There is a House Here is your standard wandering interview documentary, traversing through the town of Igluik, Nunavut to pose questions to the Inuit denizens about their lives, their homes, and their culture. Though there are moments of levity and optimism, the film is mostly a harrowing and depressing look at cultural extinction and childhood trauma.
The film opens with director Alan Zweig meeting his main subject and guide through Igluik, Inuk rock singer Lucie Idlout. The two had been corresponding for years, and Zweig finally decided that he had to travel to the town and witness for himself the kinds of tragedies that Lucie had described to him. To serve that goal, it is obvious that Zweig approached the filming of There is a House Here with a cavalier attitude – one might even go so far as to say, “unprepared”. His early interviews with the locals are resounding duds. Just walking up to houses and knocking on doors asking for interviews is not the best way to gain your subjects’ trust.

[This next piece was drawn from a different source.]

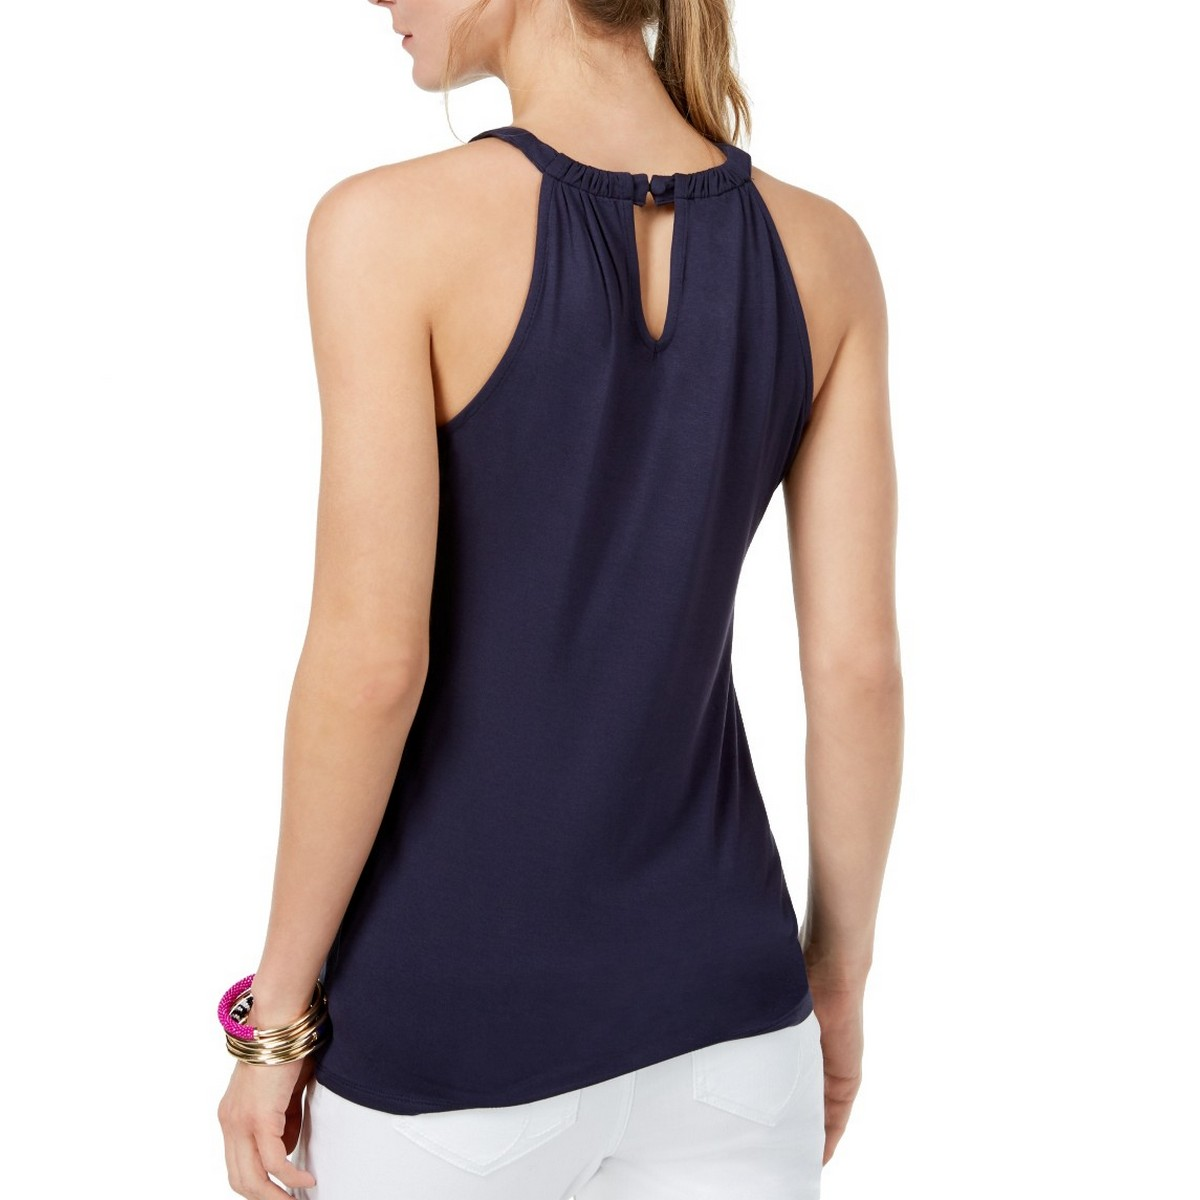 INC-NEW-Women-039-s-Sleeveless-Illusion-Halter-Blouse-Shirt-Top-TEDO thumbnail 4

This is an intentional choice by Zweig, but it is not clear that it is a wise one. The result of such a lack of organization is that the journey feels haphazard and slapdash, as the crew wander from one interview to the next, oftentimes only meeting a new person through a referral from the person they’re currently interviewing. For Zweig, this is a way to convey the wide-eyed innocence (and some might say, “ignorance”) of a white man, as his understanding of the Inuk culture is built up piece by piece.
But, I bristle at an early moment when Zweig is asked, point-blank, what his film is about. He can’t answer, and instead offers a bromide about not being sure what story he is telling yet. This kind of explorative storytelling certainly can work in the world of the documentary, but better serves on-going stories or undercover exposes. To take this planless approach to such a well-established subject feels a tad naive.
That being said, it sometimes pays off. Zweig stumbles upon a particularly excitable man showing off his hunting technique in a living room, and the most affecting moment of the film, is allowed to capture a seal hunt. These sequences help portray the joy of the Inuk culture, but because of Zweig’s slap-dash approach, they feel more accidental that revelatory.